Gerd May belegte in Moskau`80 mit dem DDR-Team Platz sechs (Olympiasieger Sowjetunion vor Italien und Ungarn). Bernd Uhlig kam mit der DDR-Mannschaft 1968 auf Rang fünf (Olympiasieger Ungarn vor der Sowjetunion und Polen) und – zusammen mit Eckhard Mannischeff – 1972 inoffiziell auf Rang 10 (Olympiasieger Ungarn vor der Schweiz und der Sowjetunion). Dänemark schaffte mit Reinhard Münster auch eine inoffizielle Top-Ten-Platzierung 1972.

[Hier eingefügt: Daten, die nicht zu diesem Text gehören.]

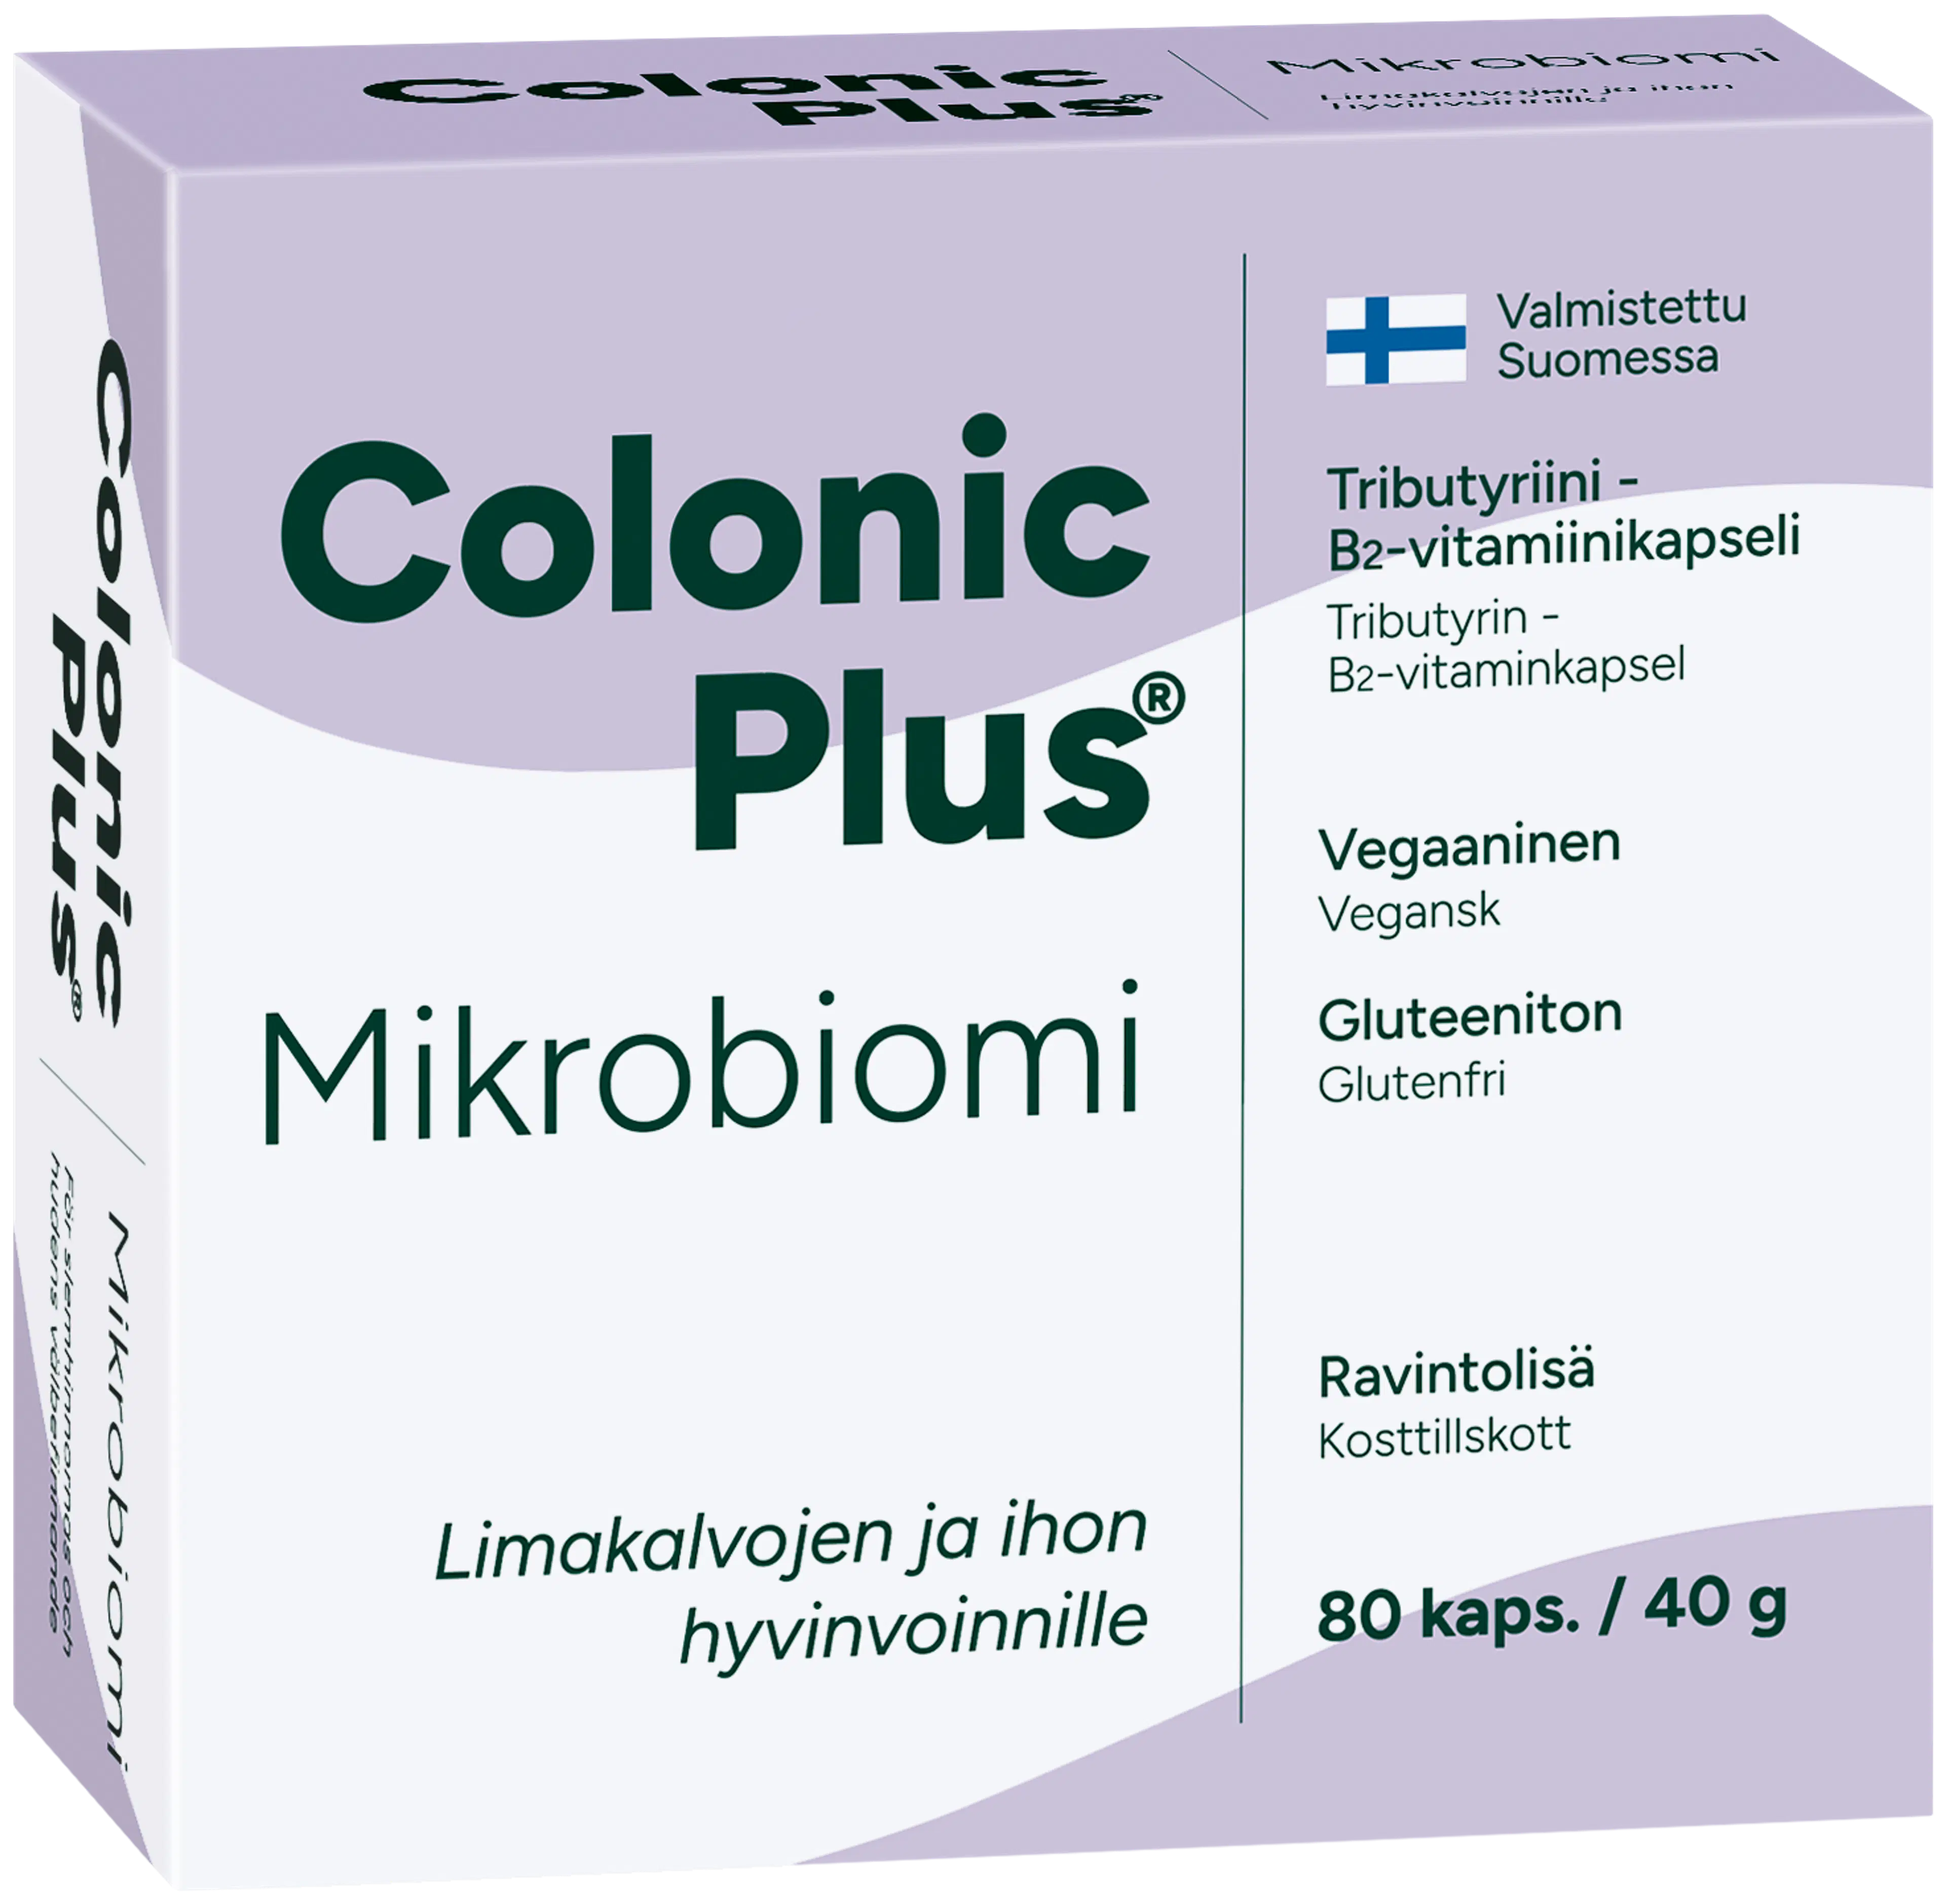 Colonic Plus Mikrobiomi Tributyriini - B2-vitamiinikapseli 80 kaps
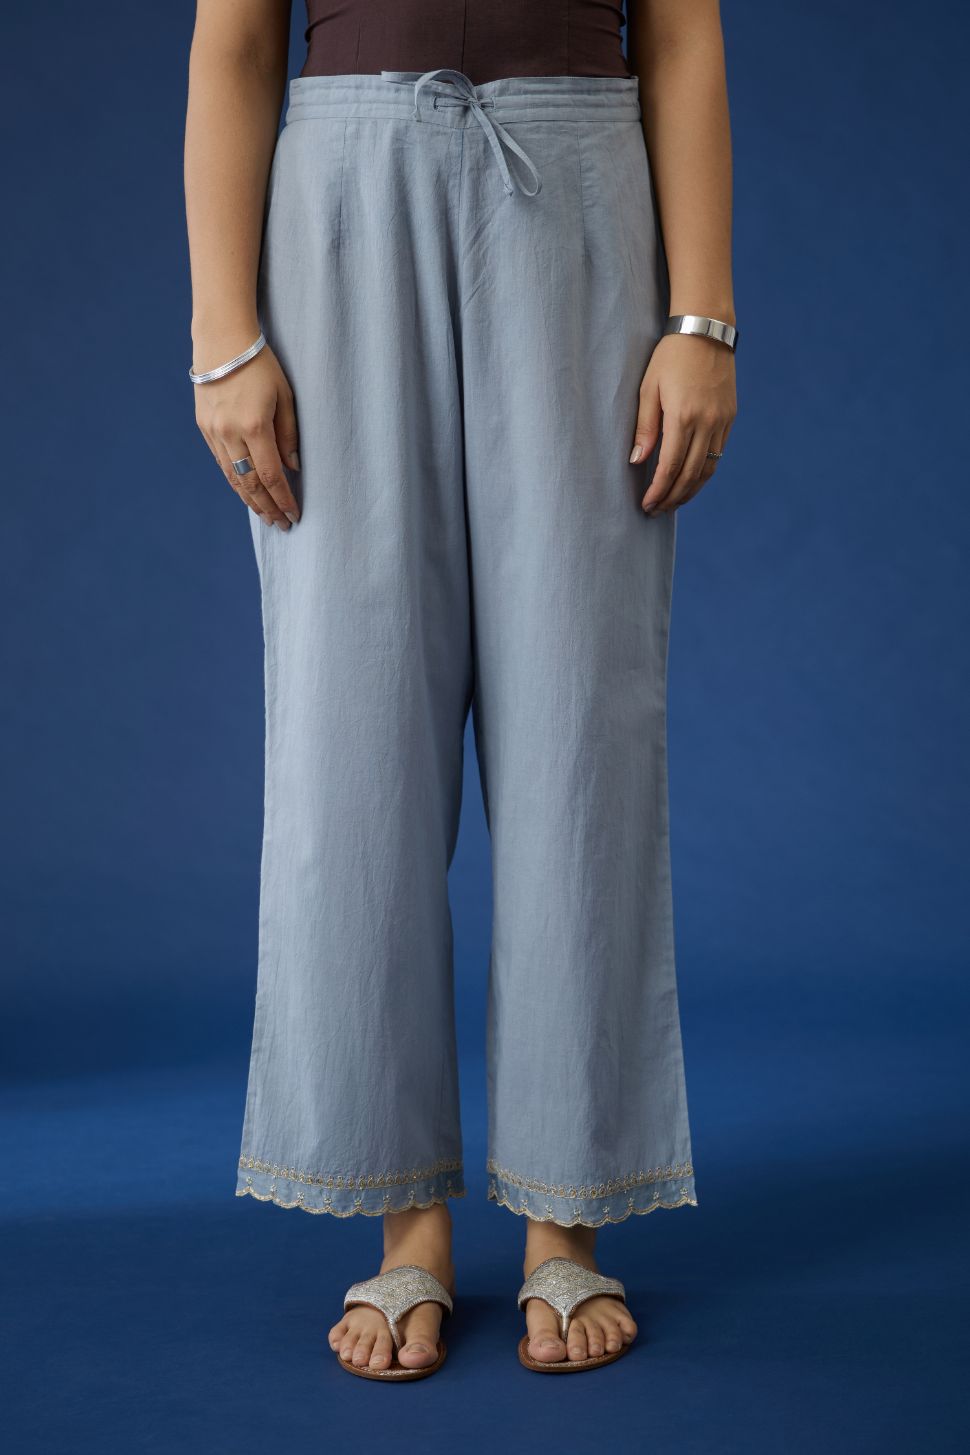 Bluish grey cotton straight pants with gota and dori embroidery at bottom hem (Pants)

Der Florett-Fechter Hartmuth Behrens, in Dömitz-Rüterberg geboren, schaffte im Florett-Fechten bei den Spielen 1980 in Moskau auch gute Platzierungen, so Rang vier mit der DDR-Mannschaft und Rang neun im Einzel.
Ein Fechter hatte hingegen seine Heimat in der Nähe Schwerins, in Seehof. Franz Rompza, Jahrgang 1934, glänzte 1964 und 1968 bei Olympia im bundesdeutschen Degen-Team, das 1964 Rang sechs Olympiasieger Ungarn vor Italien und Frankreich) und 1968 Rang vier (Olympiasieger Ungarn vor der Sowjetunion und Polen) belegte.
Auch ein gebürtiger Tessiner war im olympischen Fechtsport aktiv. So war Horst Melzig, Jahrgang 1940, Mitglied der DDR-Degenfechtmannschaft bei den Olympischen Spielen 1972 in München.
Bei den Paralympischen Spielen 2012 in London erkämpfte Simone Briese-Baetke, die zwei Jahrzehnte auch im Müritz-Kreis lebte und trainierte, den Silber-Rang in der Disziplin Degen/Einzel.